Adaptive Activation Functions for Predictive Modeling with Sparse Experimental Data

Farhad Pourkamali-Anaraki,Tahamina Nasrin,Robert E. Jensen,Amy M. Peterson,Christopher J. Hansen
2024-02-08
Abstract:A pivotal aspect in the design of neural networks lies in selecting activation functions, crucial for introducing nonlinear structures that capture intricate input-output patterns. While the effectiveness of adaptive or trainable activation functions has been studied in domains with ample data, like image classification problems, significant gaps persist in understanding their influence on classification accuracy and predictive uncertainty in settings characterized by limited data availability. This research aims to address these gaps by investigating the use of two types of adaptive activation functions. These functions incorporate shared and individual trainable parameters per hidden layer and are examined in three testbeds derived from additive manufacturing problems containing fewer than one hundred training instances. Our investigation reveals that adaptive activation functions, such as Exponential Linear Unit (ELU) and Softplus, with individual trainable parameters, result in accurate and confident prediction models that outperform fixed-shape activation functions and the less flexible method of using identical trainable activation functions in a hidden layer.

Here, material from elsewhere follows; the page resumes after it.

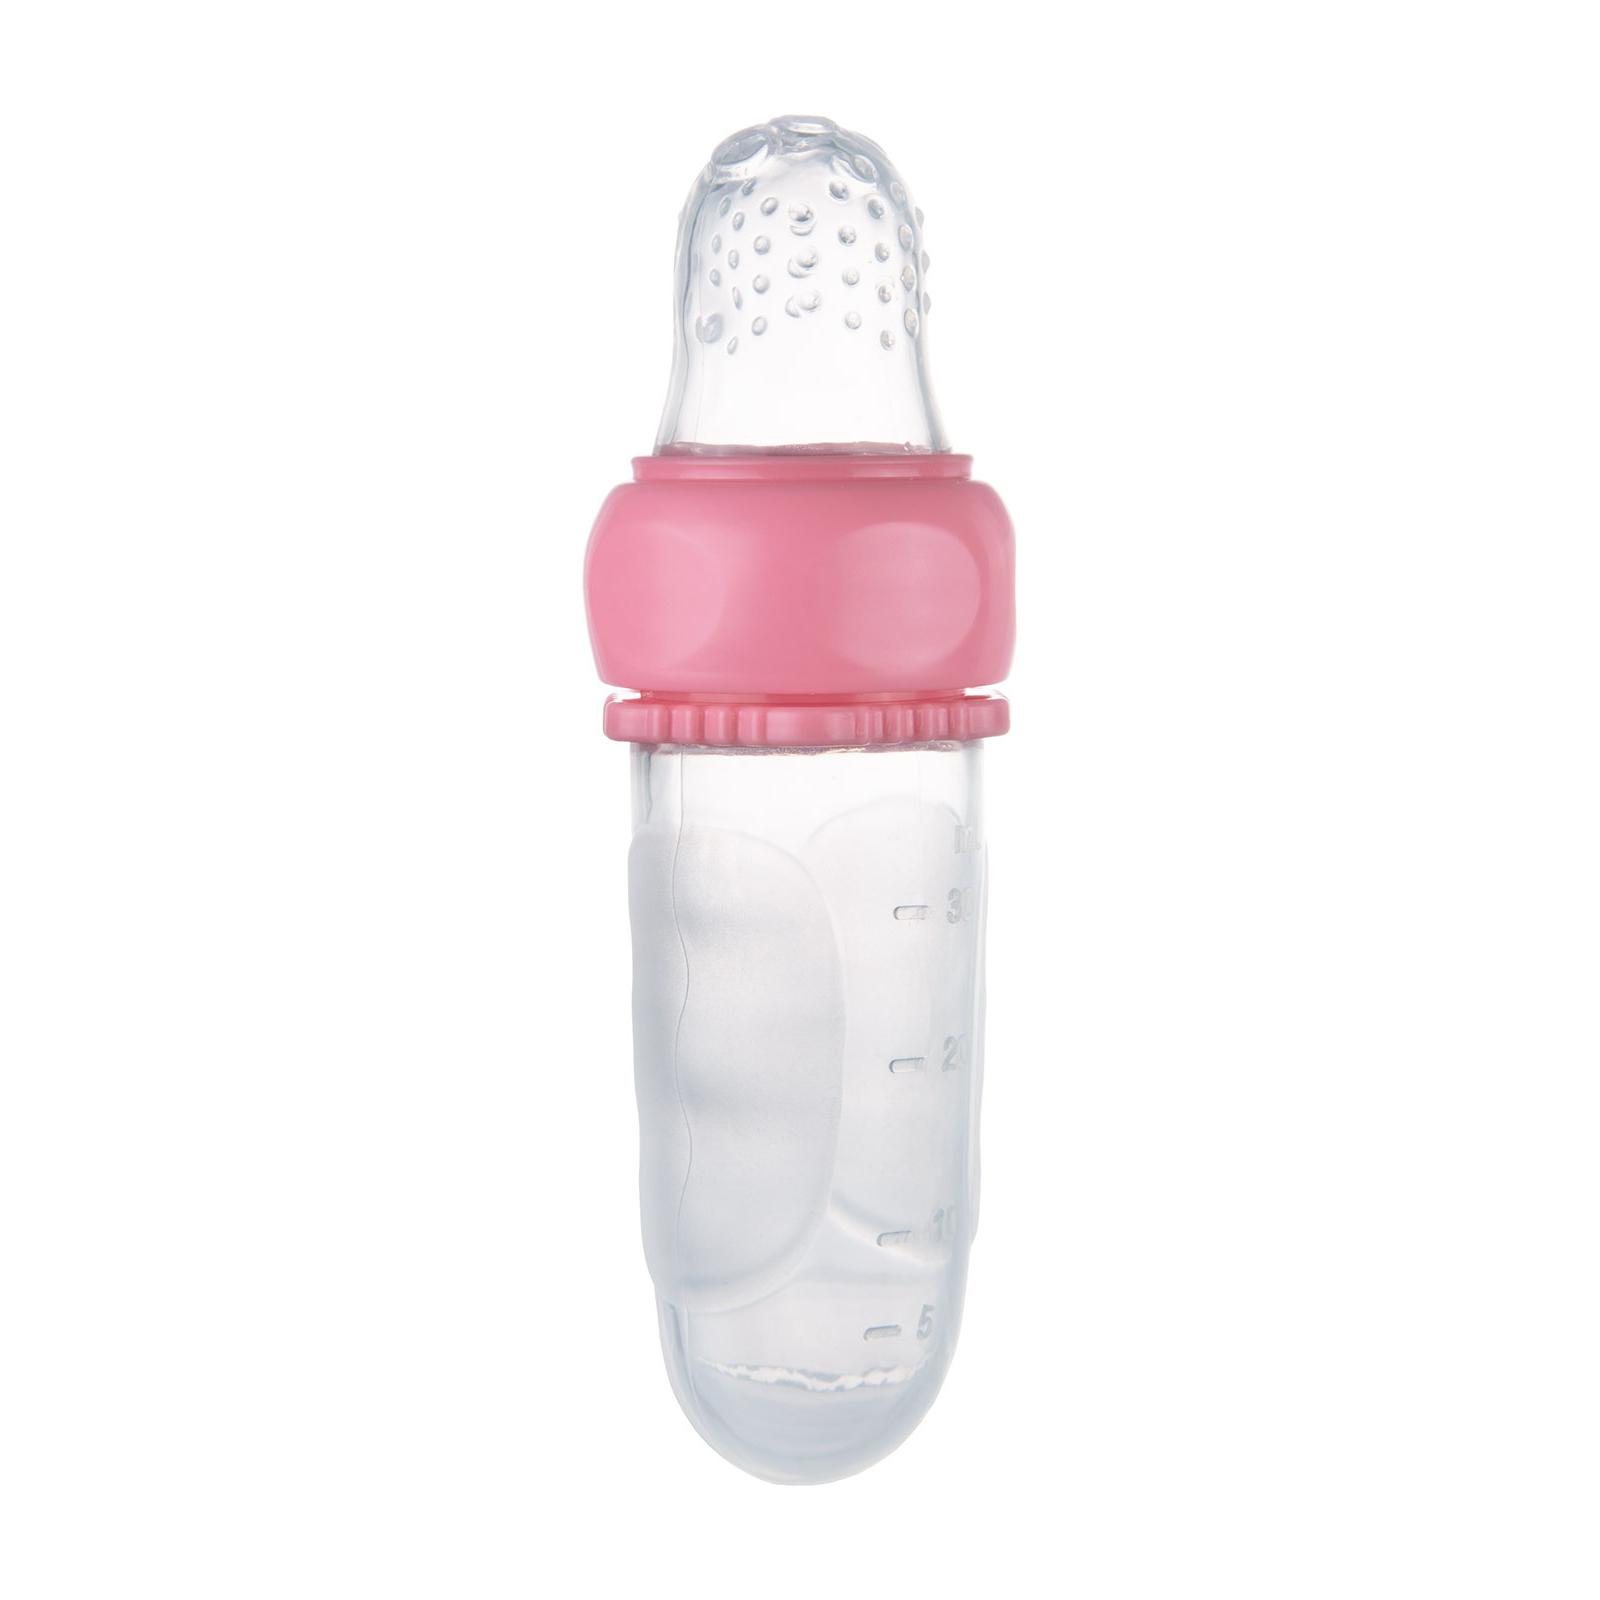 Ниблер Canpol babies силиконовый для кормления – бирюзовый (56/110_tur) изображение 2

Therefore, this work presents an elegant way of facilitating the design of adaptive neural networks in scientific and engineering problems.
Neural and Evolutionary Computing,Machine Learning
What problem does this paper attempt to address?
The paper attempts to address the issue of the application effectiveness of adaptive activation functions in neural networks under conditions of sparse experimental data (i.e., small sample sizes). Specifically, the research focuses on the following aspects: 1. **Evaluating the effectiveness of adaptive activation functions**: Compared to traditional fixed-shape activation functions (such as ELU, Softplus, and Swish), whether adaptive activation functions (with trainable parameters) can improve prediction accuracy and model confidence. The study explores different scenarios of sharing activation functions within hidden layers versus assigning independent trainable parameters to each unit. 2. **Effectiveness on small sample datasets**: For the first time, systematically exploring the performance of adaptive activation functions in application scenarios with fewer than 100 training samples. Through three different additive manufacturing problems as case studies, the applicability and superiority of adaptive activation functions in such data-scarce environments are verified. 3. **Quantifying prediction uncertainty**: In addition to relying on traditional classification accuracy metrics, the study introduces the concept of prediction sets, using conformal inference methods to generate prediction intervals, and evaluates the impact of adaptive activation functions on neural network prediction uncertainty through two metrics: empirical coverage and the average size of prediction sets. 4. **Providing code implementation**: To facilitate practitioners in applying adaptive activation functions under limited data conditions, the authors provide source code implementations of hidden layer activation functions with shared and independent trainable parameters. Through this research, the paper aims to fill the current gap in understanding the application effectiveness of adaptive activation functions in small sample data environments and provide new insights and tool support for researchers in the scientific and engineering fields constrained by limited labeled data.